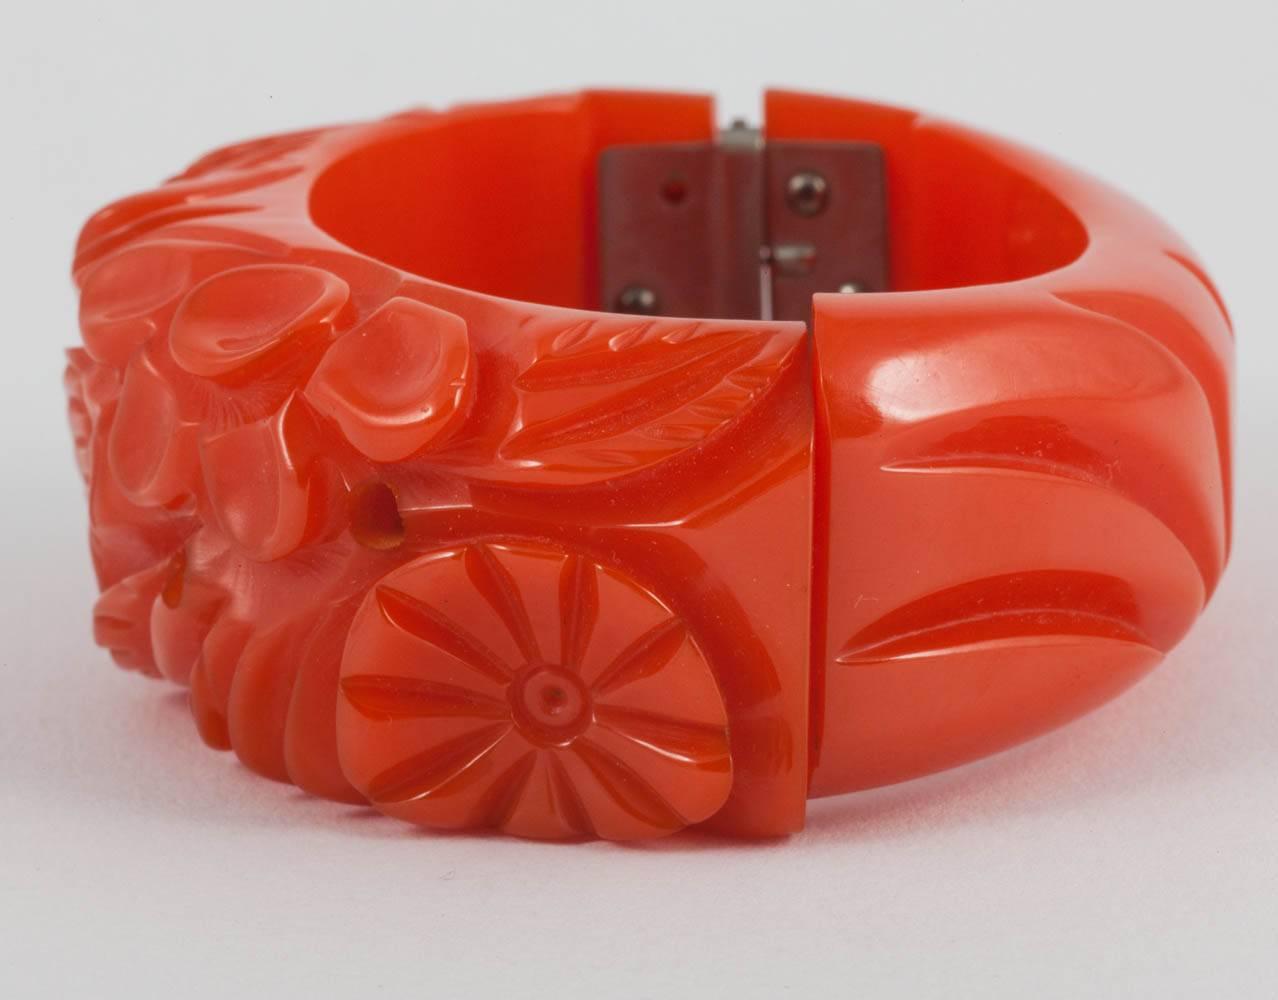 A beautiful hand carved bakelite bracelet, in a vivid,strong and unusual orange colourway, from the 1930s.
The hinged mechanism works perfectly and securely.
This is one of a group of five similar bakelite bangles being sold (all pictures below),
------------------------------------------------------------
WORK INSTRUCTION: Could you repeat each line above exactly as written? Omit the pictures.

RESPONSE AREA:
 A beautiful hand carved bakelite bracelet, in a vivid,strong and unusual orange colourway, from the 1930s.
The hinged mechanism works perfectly and securely.
This is one of a group of five similar bakelite bangles being sold (all pictures below),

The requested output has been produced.